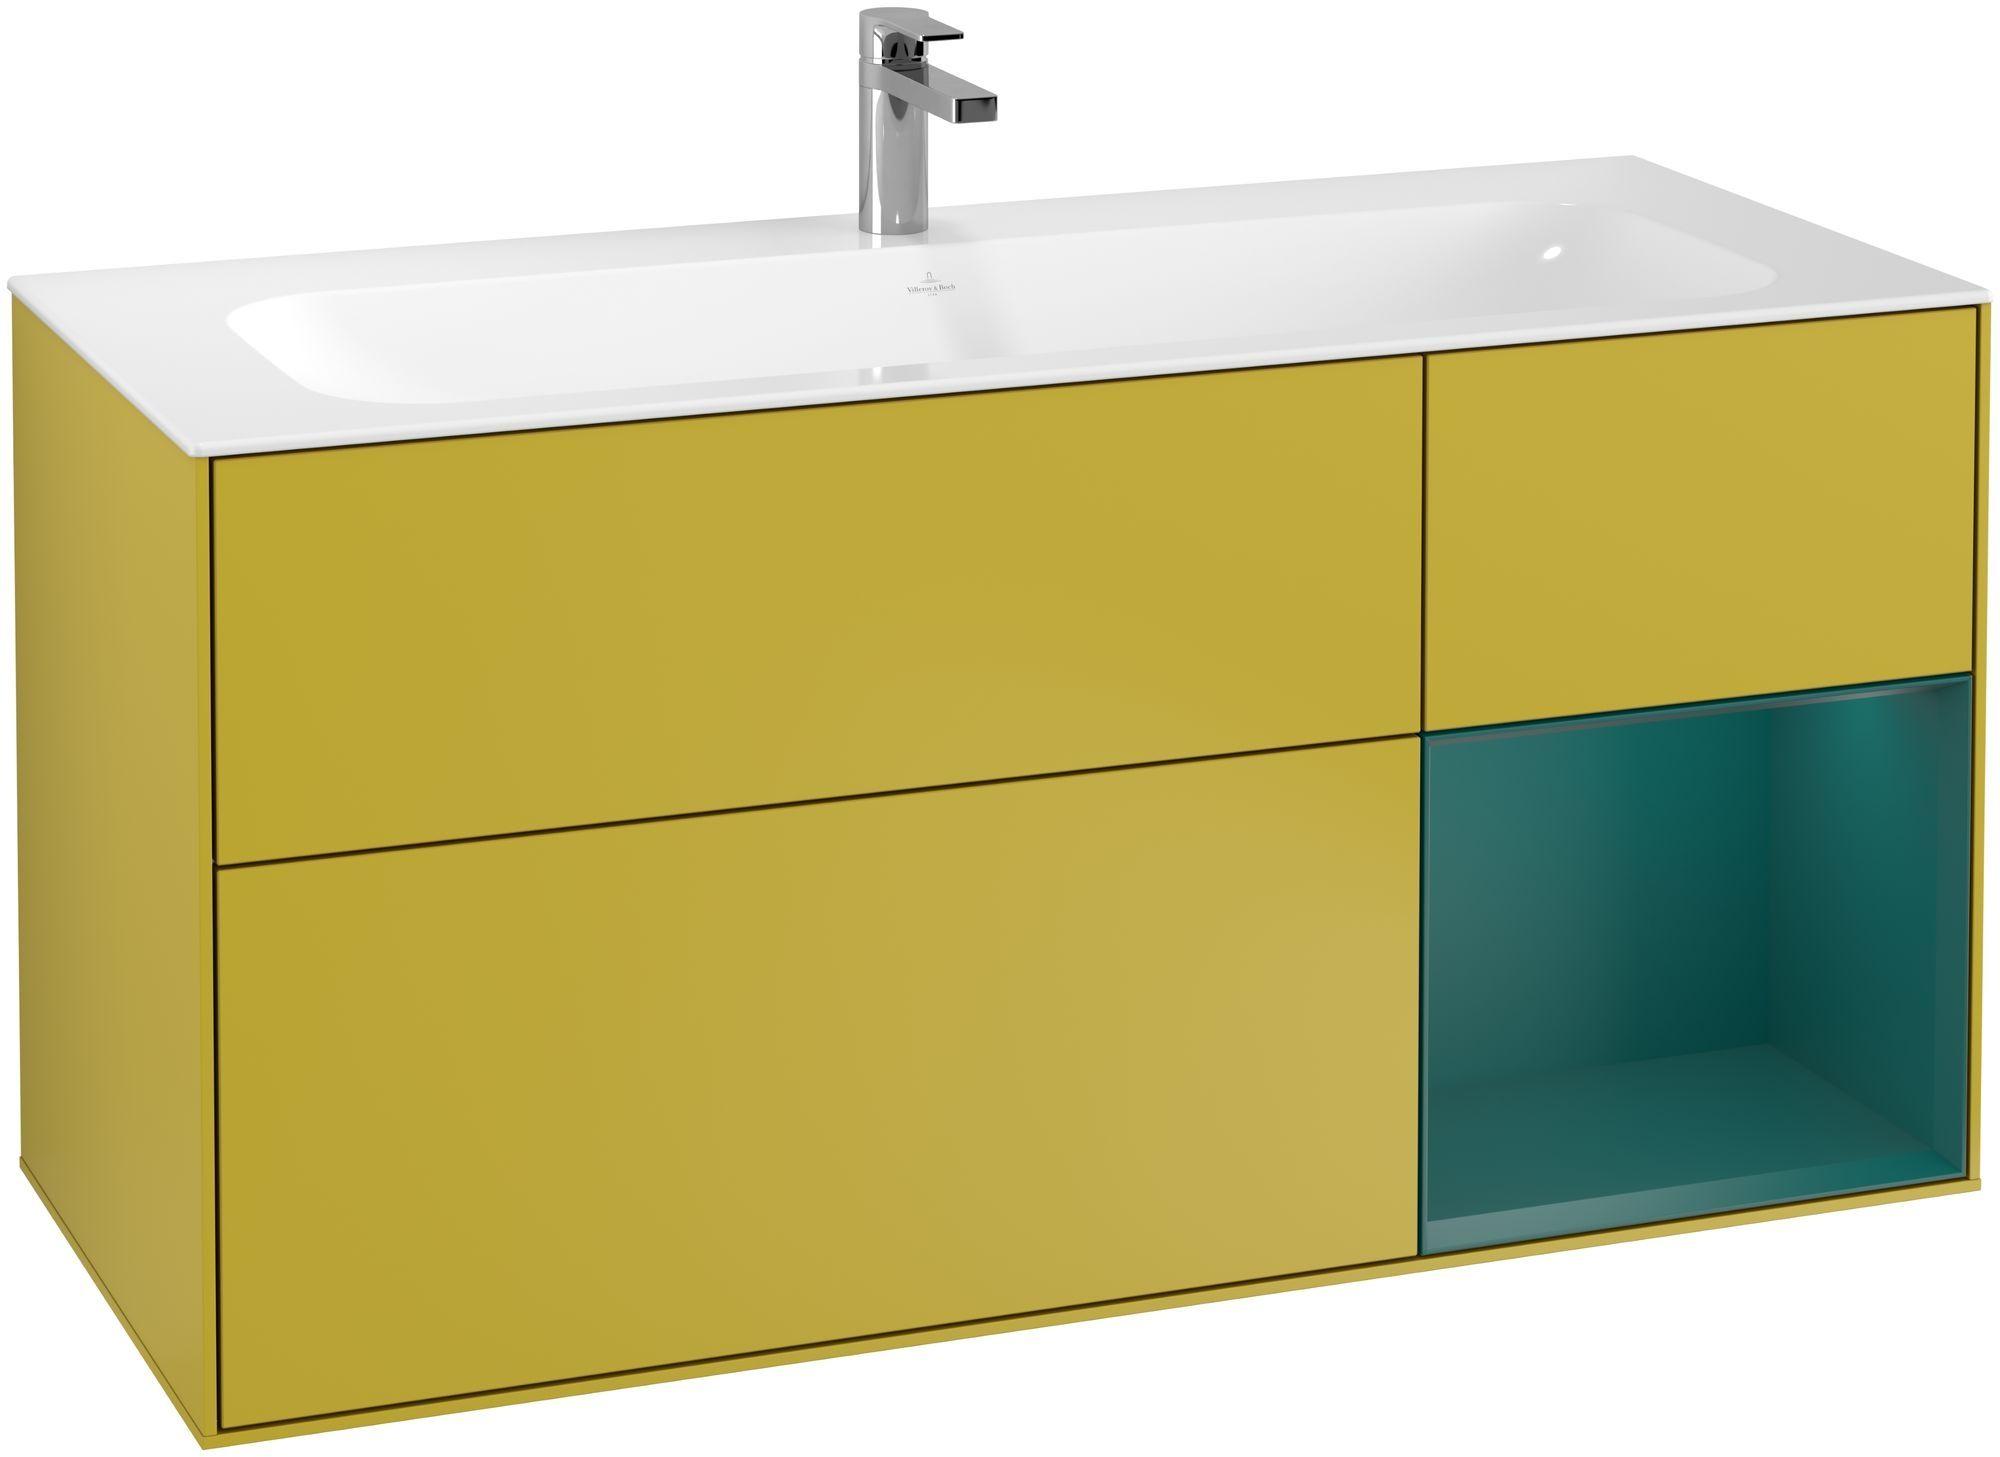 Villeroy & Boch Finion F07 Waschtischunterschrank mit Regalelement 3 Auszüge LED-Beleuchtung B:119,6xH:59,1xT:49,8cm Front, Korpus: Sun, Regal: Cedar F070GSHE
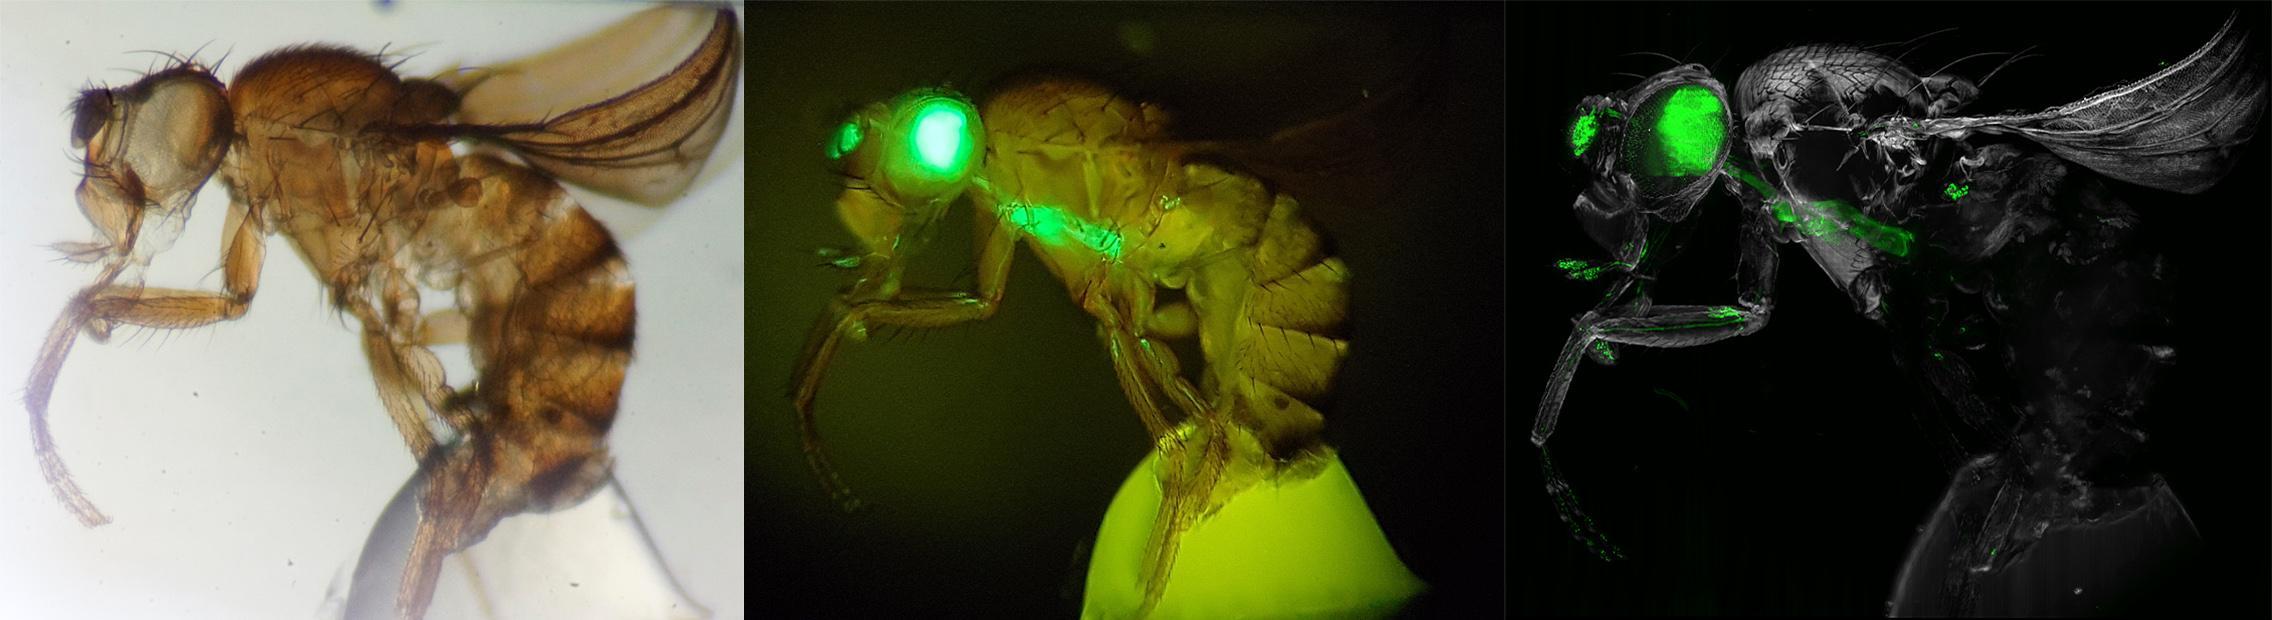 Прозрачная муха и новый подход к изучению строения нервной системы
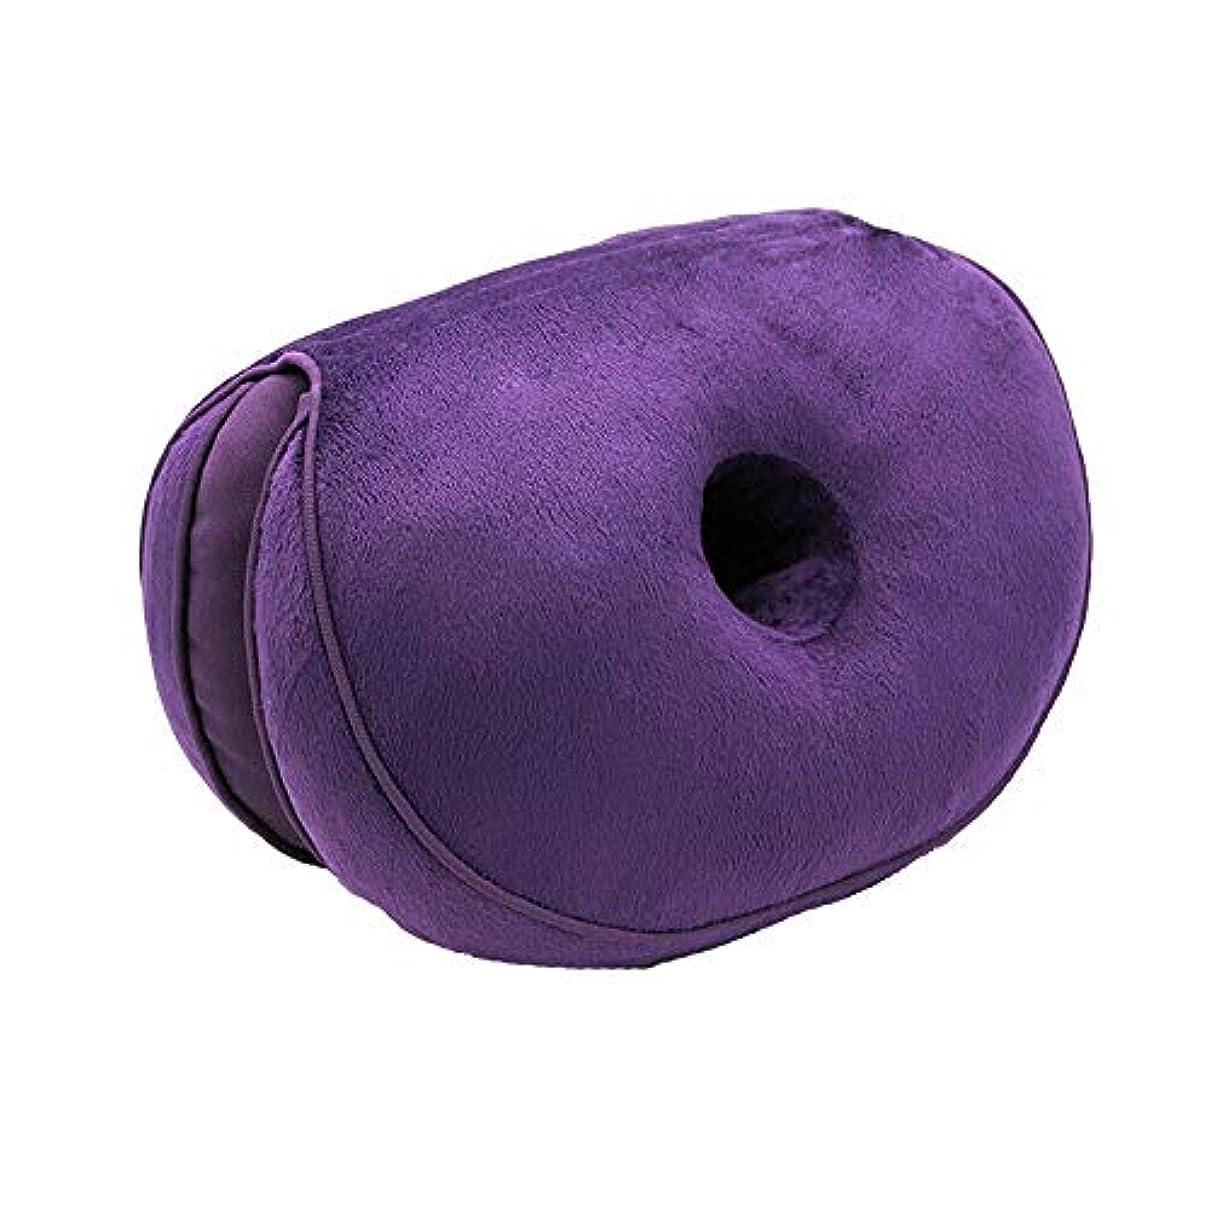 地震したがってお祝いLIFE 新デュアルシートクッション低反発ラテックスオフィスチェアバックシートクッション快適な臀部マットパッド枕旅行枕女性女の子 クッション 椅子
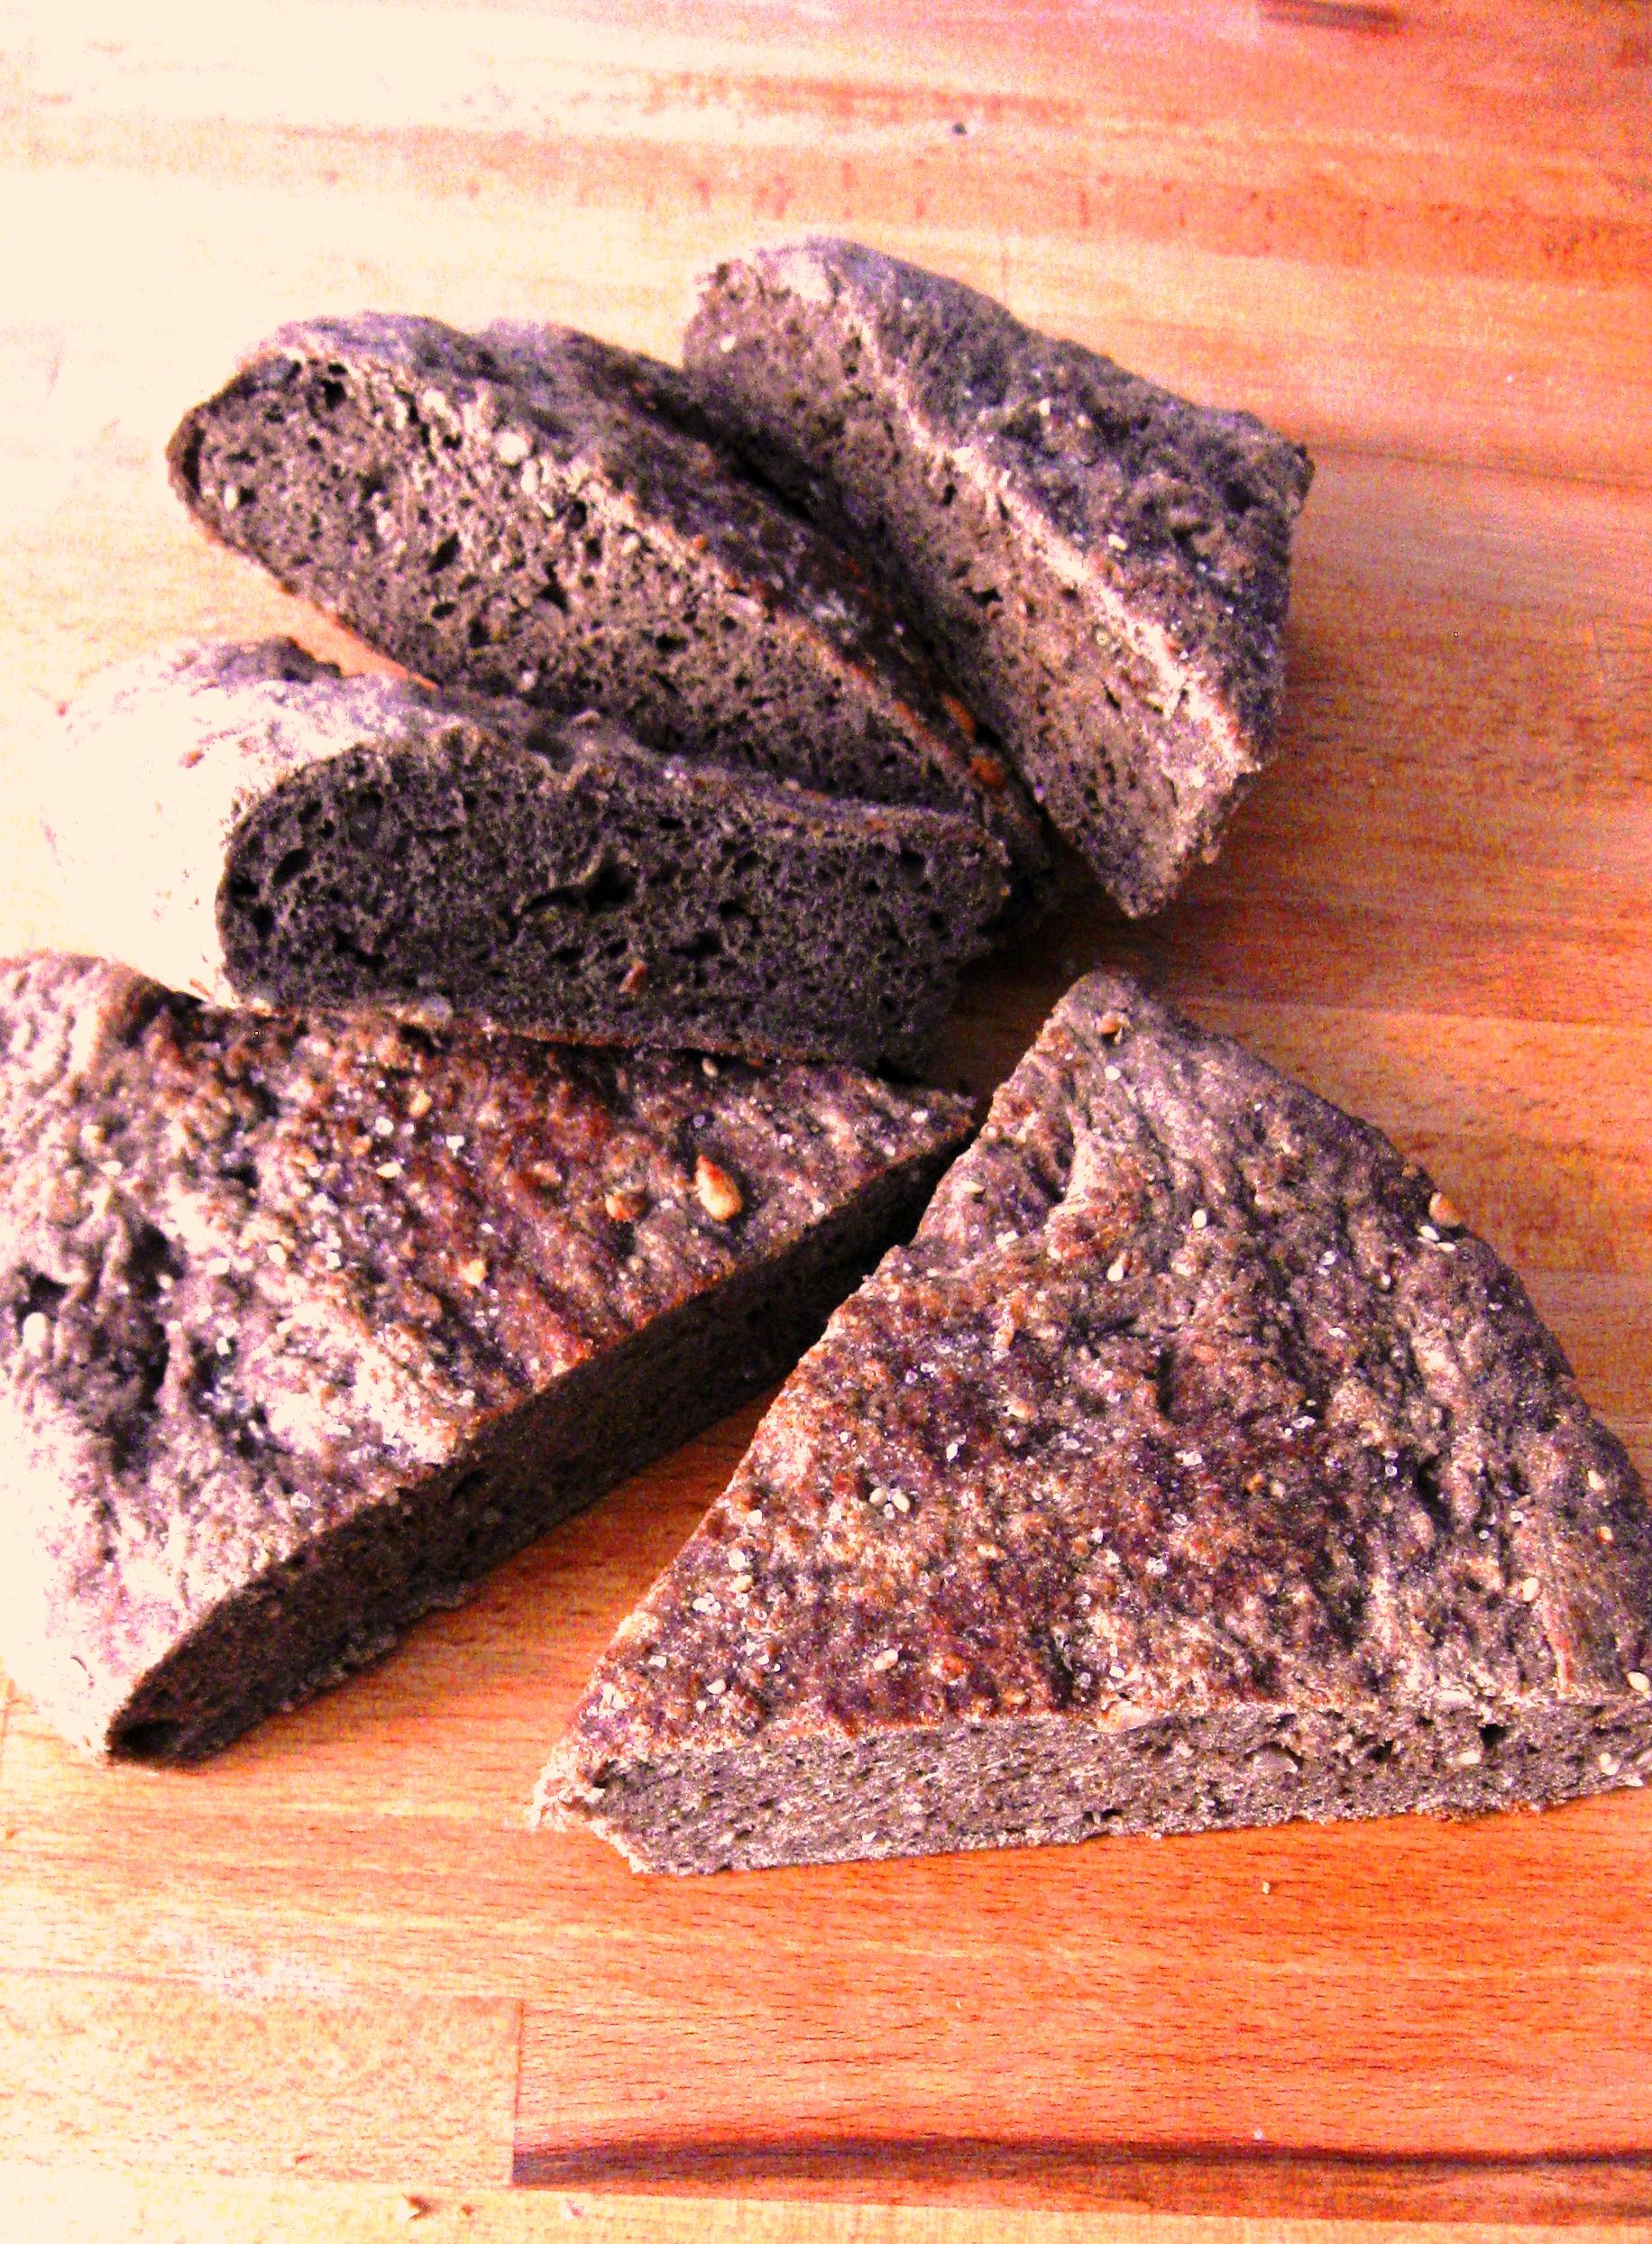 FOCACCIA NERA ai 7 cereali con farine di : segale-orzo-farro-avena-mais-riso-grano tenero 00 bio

WHAT IS BEING ASKED » Take the line with "Прозрачная муха и" and each line after it through the end of the material above, and reproduce them exactly, without the pictures.

ANSWER FOR THIS EXERCISE »
 Прозрачная муха и новый подход к изучению строения нервной системы
 地震したがってお祝いLIFE 新デュアルシートクッション低反発ラテックスオフィスチェアバックシートクッション快適な臀部マットパッド枕旅行枕女性女の子 クッション 椅子
 FOCACCIA NERA ai 7 cereali con farine di : segale-orzo-farro-avena-mais-riso-grano tenero 00 bio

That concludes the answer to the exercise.